Within the entries below, please retype exactly the lines starting with the line that has "Wind Characteristics in" and going on through the line that has "2560x1600 Download Add", but not the pictures.

Segment Start: RECORDS FOR THIS TASK

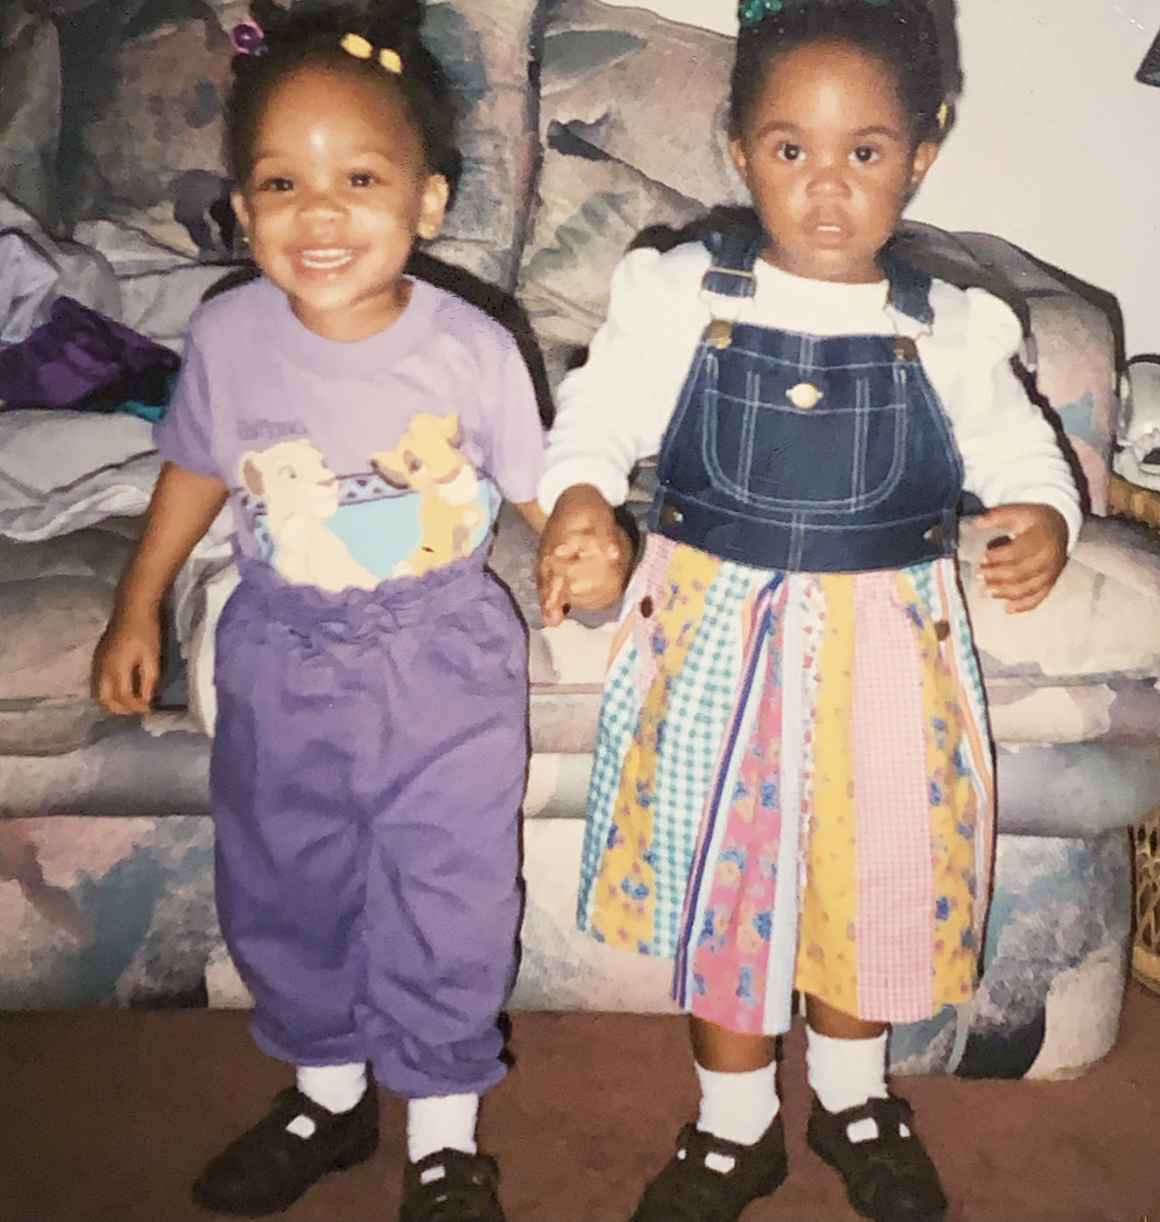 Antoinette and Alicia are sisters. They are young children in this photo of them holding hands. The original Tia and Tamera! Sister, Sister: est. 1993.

Segment End: RECORDS FOR THIS TASK
Segment Start: RECORDS FOR THIS TASK

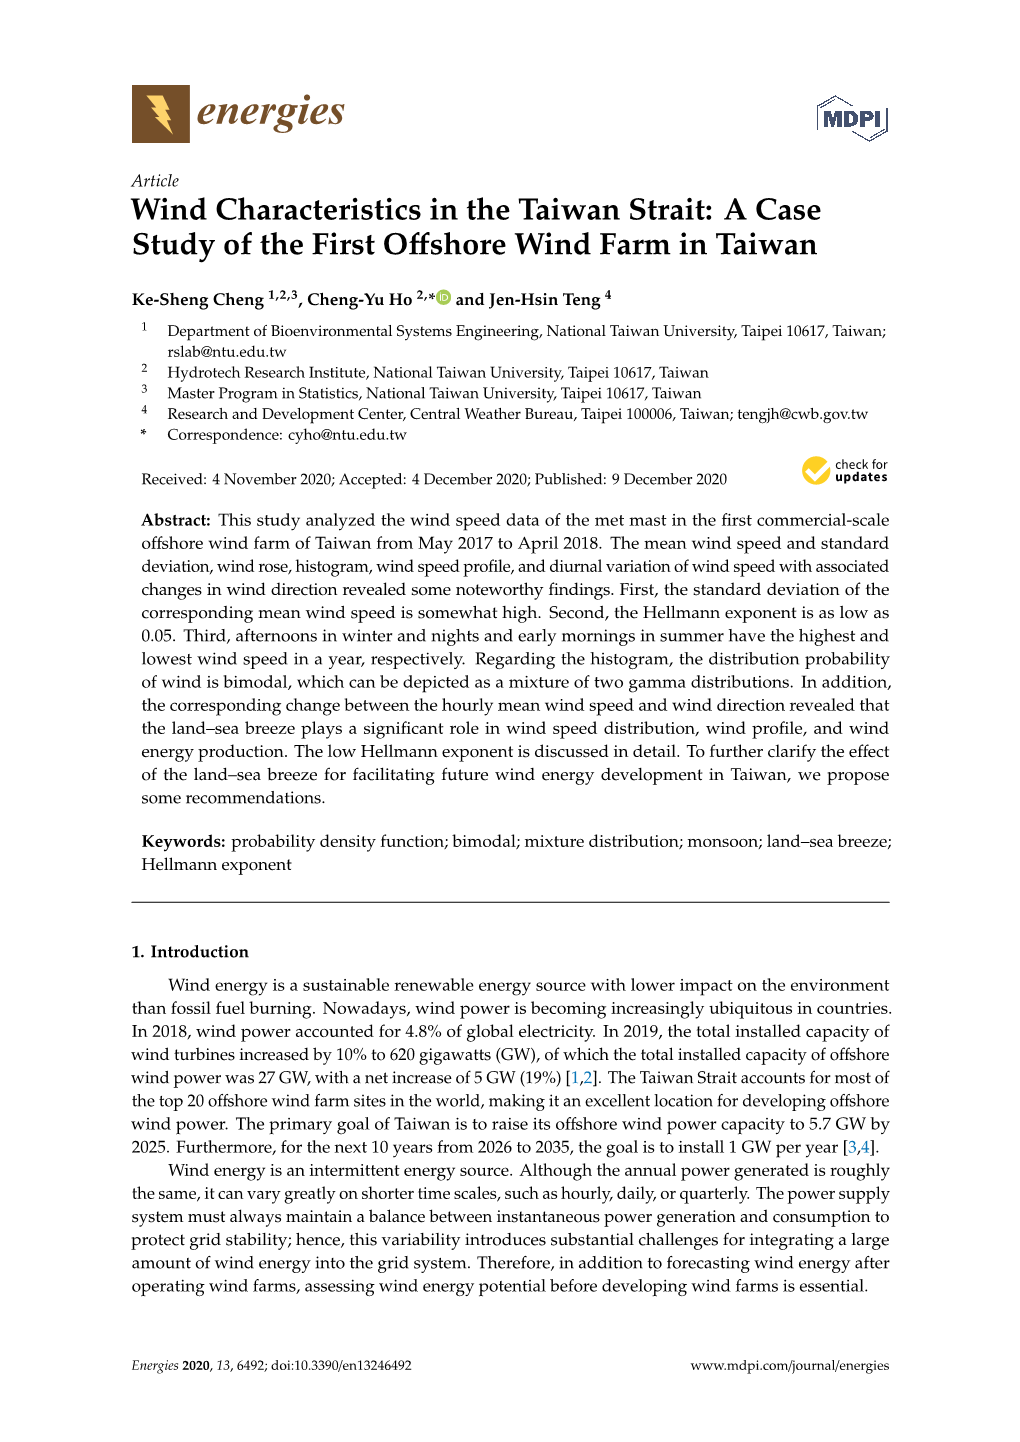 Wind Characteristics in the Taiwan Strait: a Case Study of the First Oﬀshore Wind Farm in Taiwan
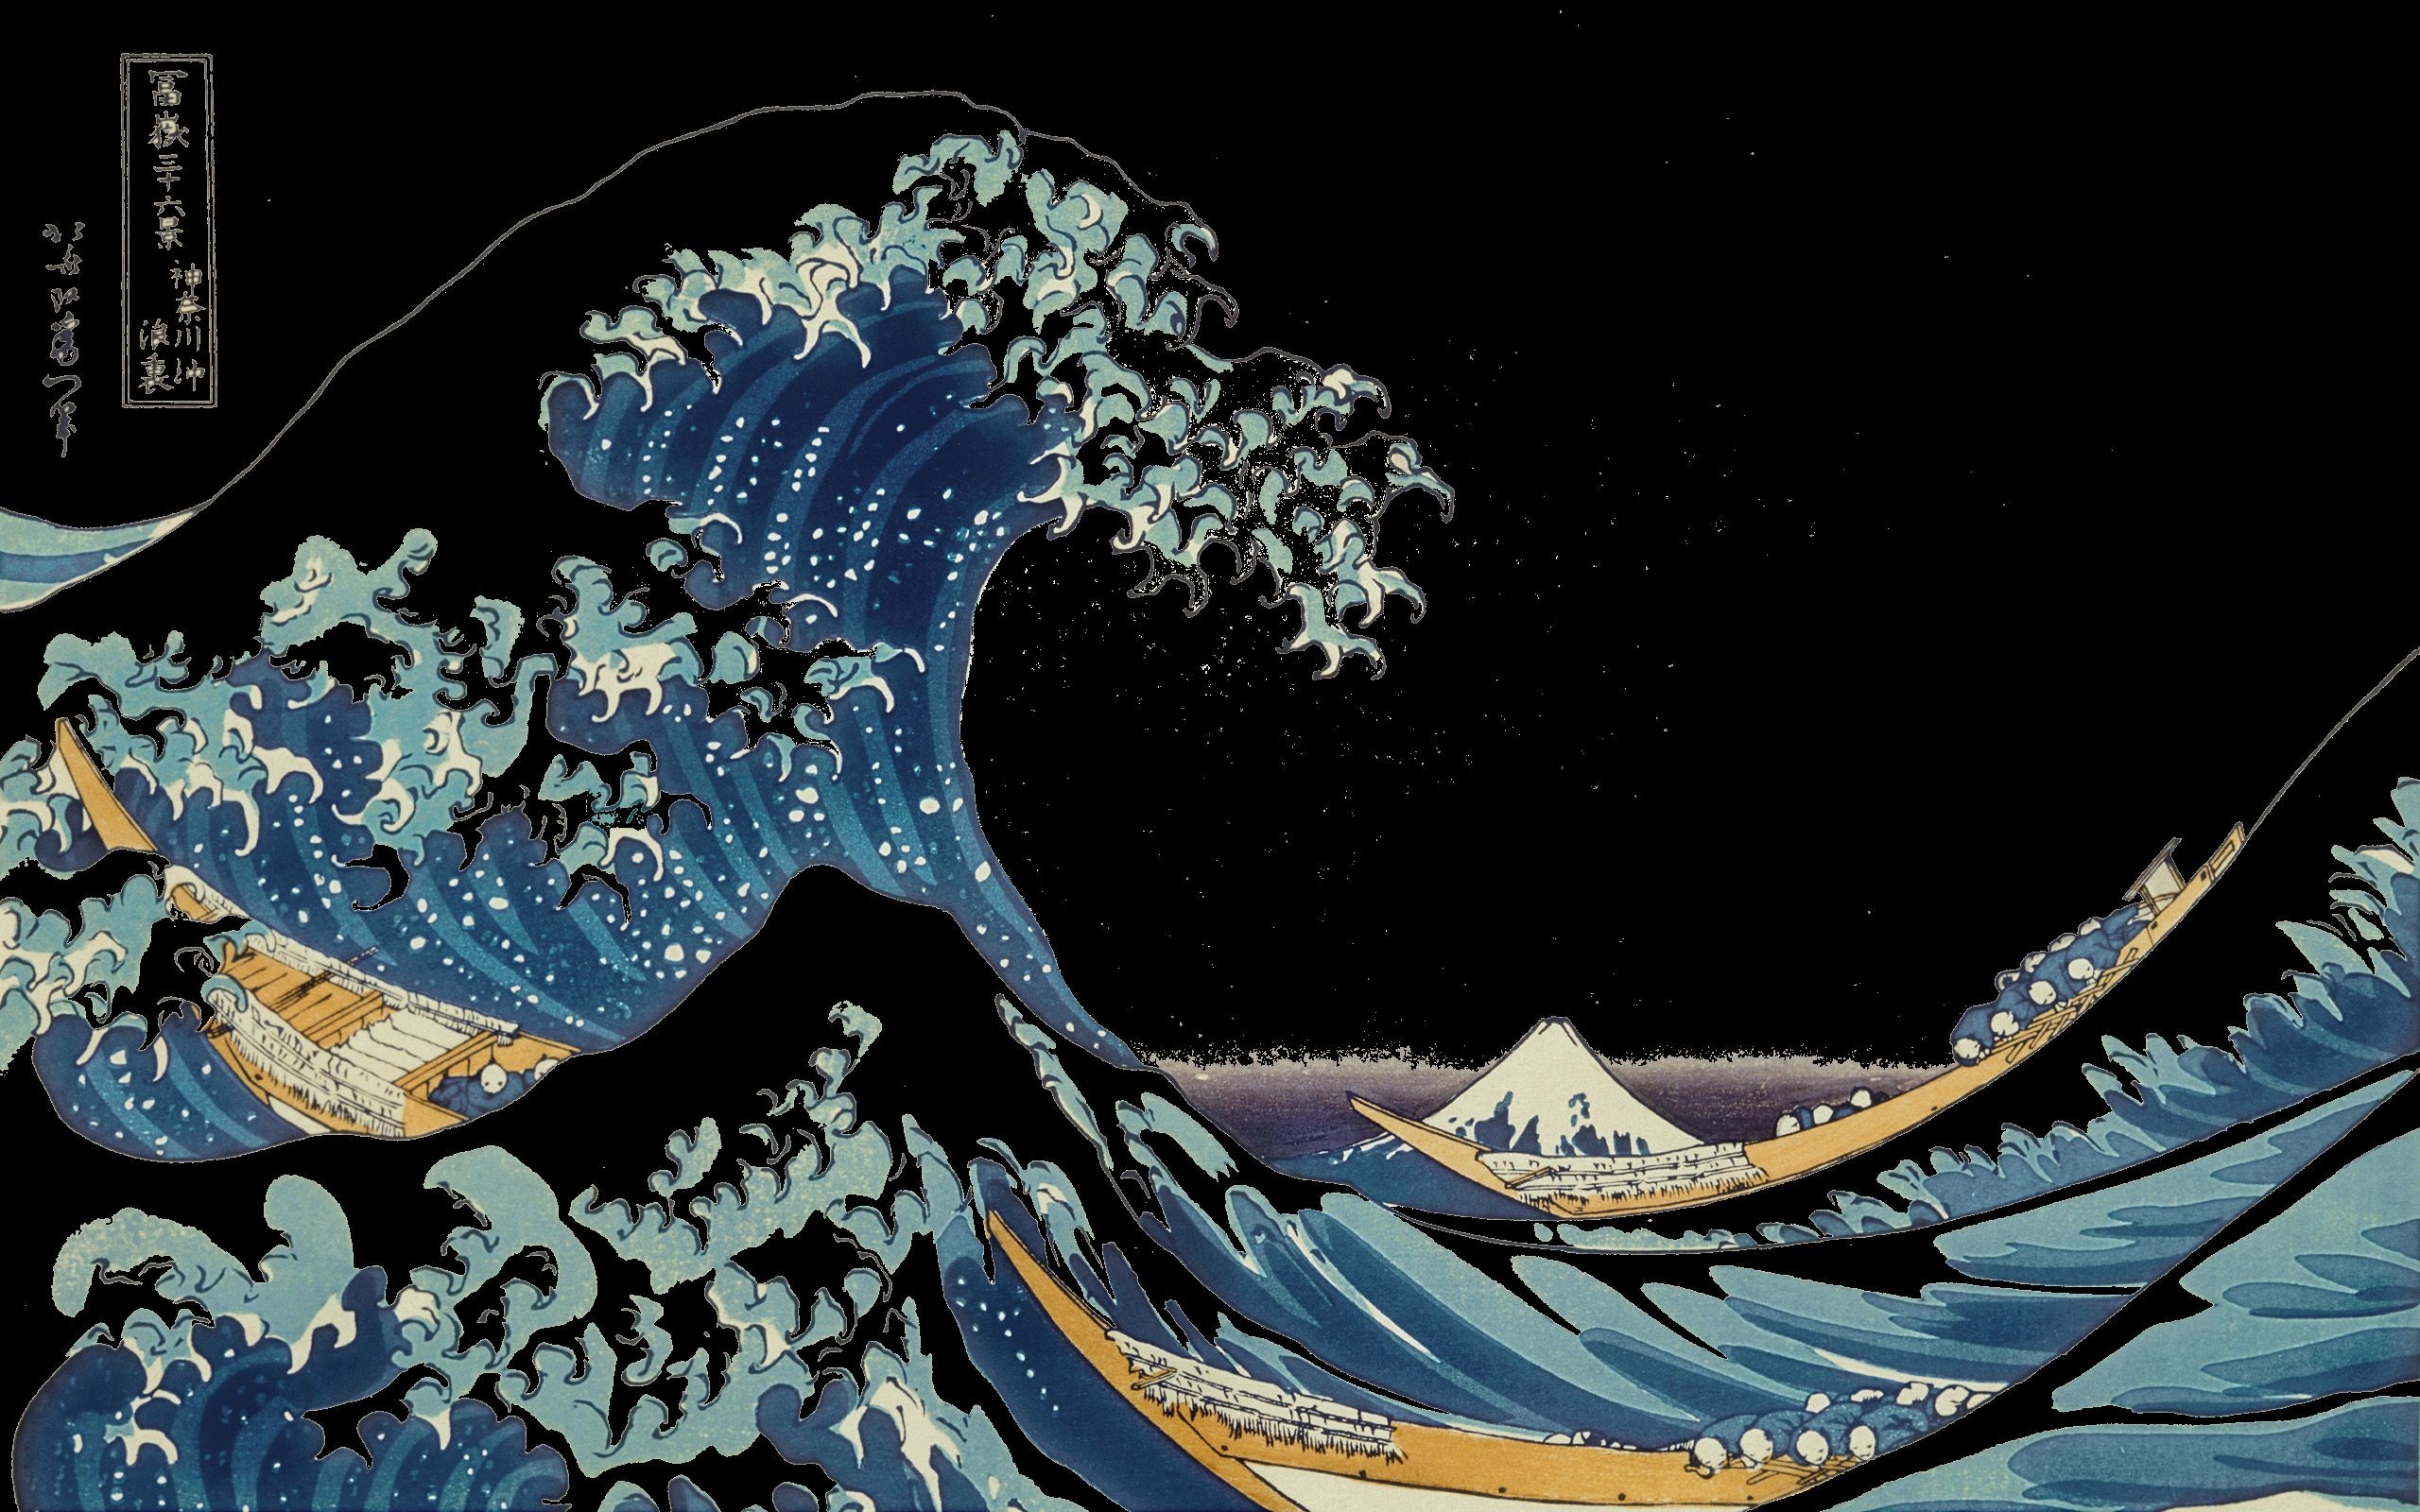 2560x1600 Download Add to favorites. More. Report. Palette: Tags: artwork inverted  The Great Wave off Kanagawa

Segment End: RECORDS FOR THIS TASK
Segment Start: RECORDS FOR THIS TASK

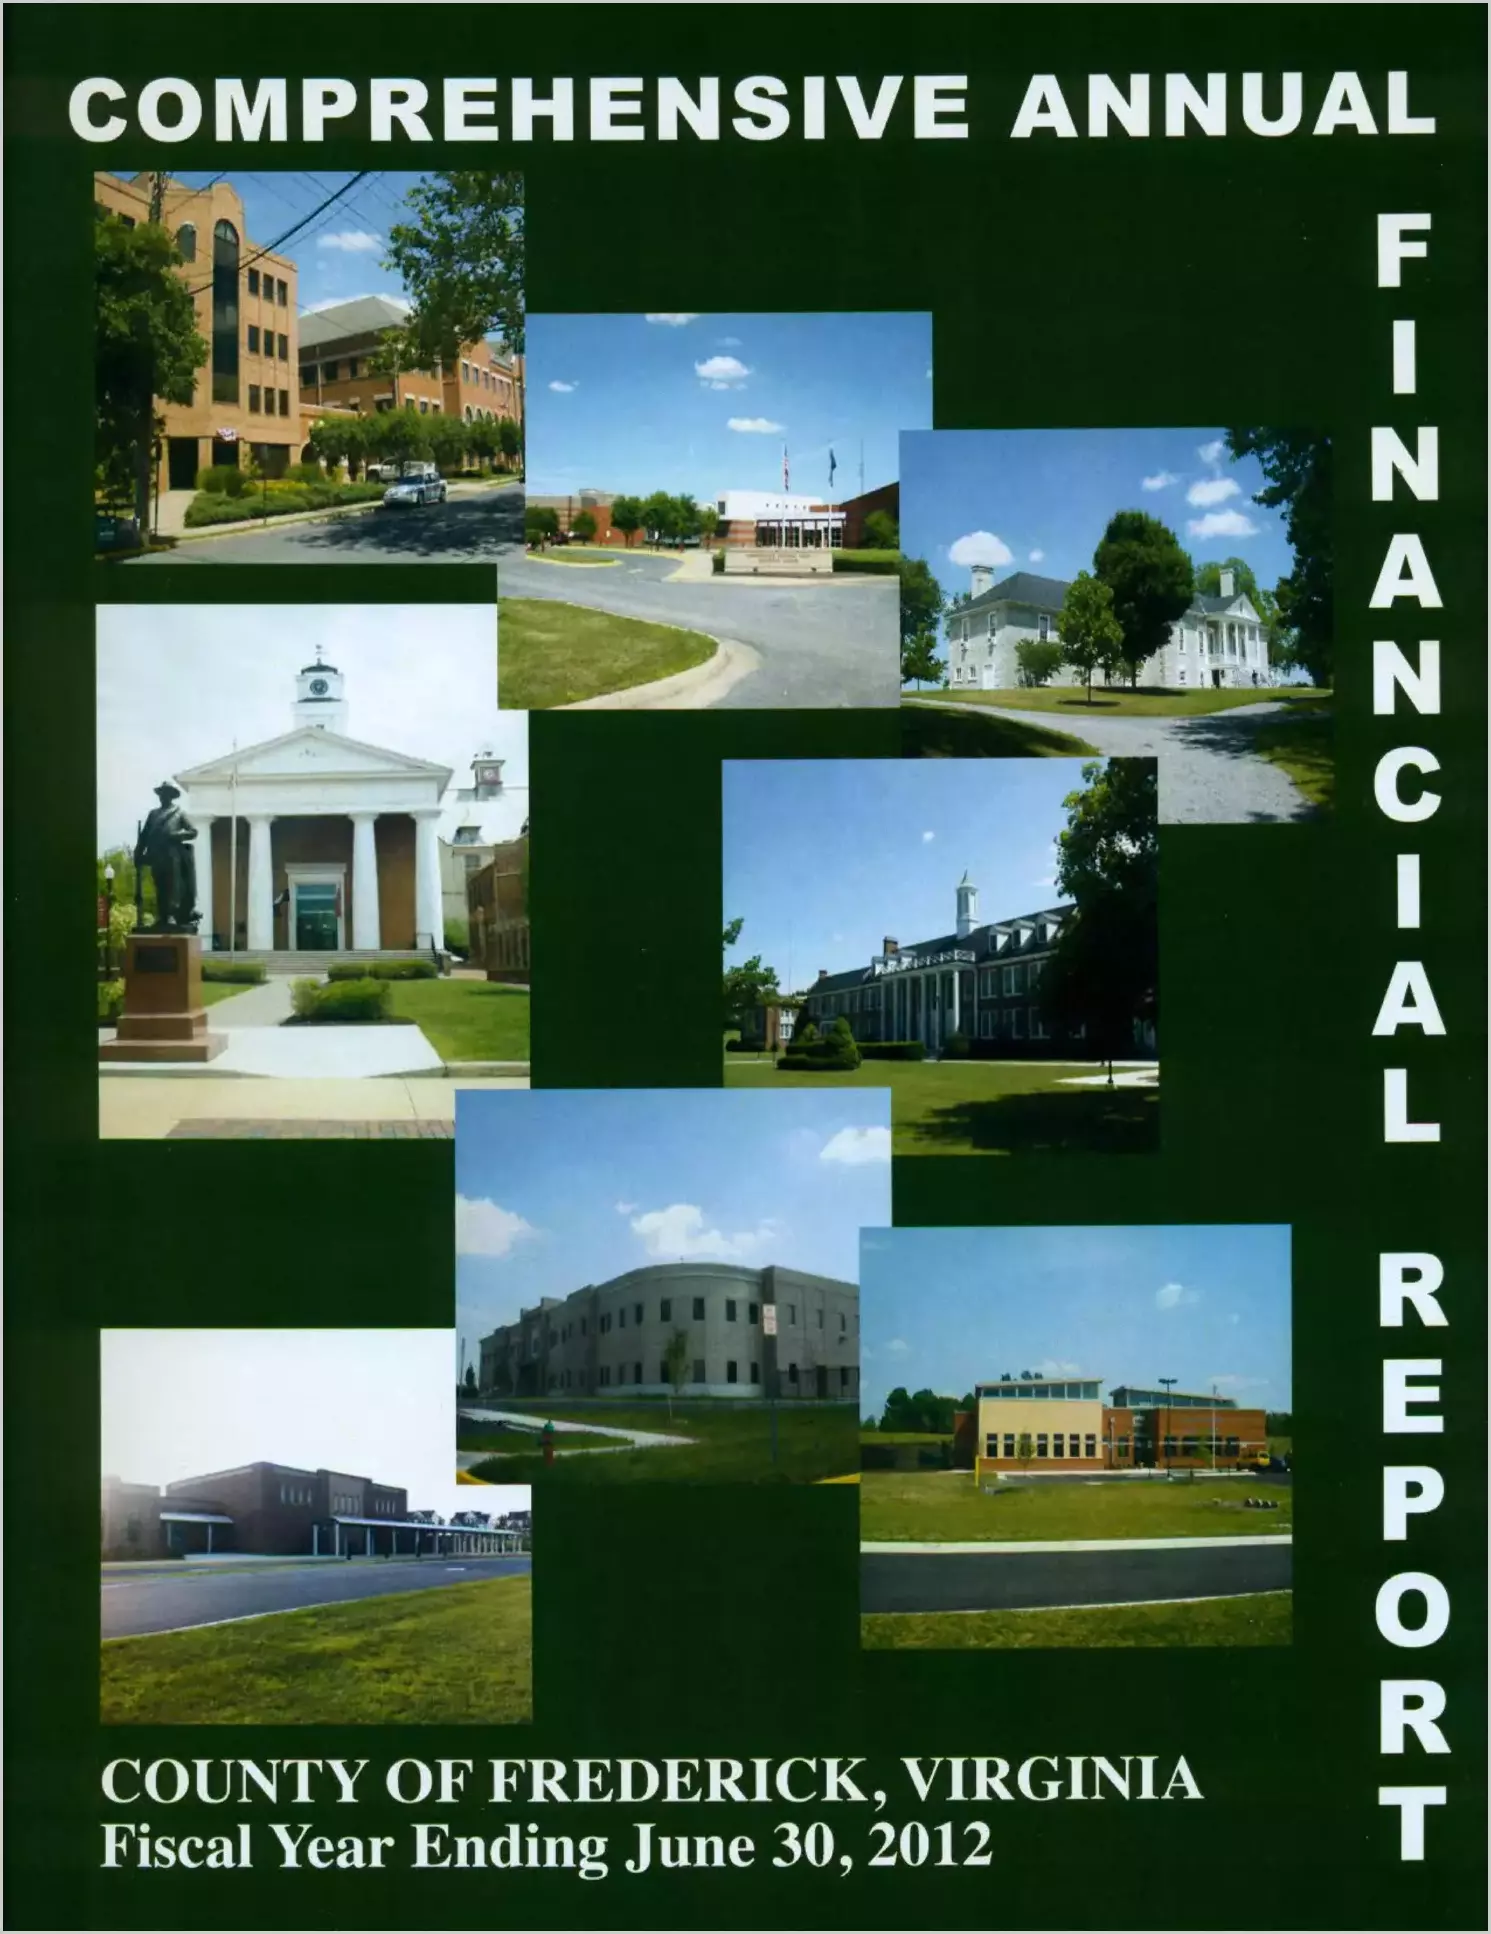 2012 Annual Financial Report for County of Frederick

Segment End: RECORDS FOR THIS TASK

*EXERCISE RESPONSE*
 Wind Characteristics in the Taiwan Strait: a Case Study of the First Oﬀshore Wind Farm in Taiwan
 2560x1600 Download Add to favorites. More. Report. Palette: Tags: artwork inverted  The Great Wave off Kanagawa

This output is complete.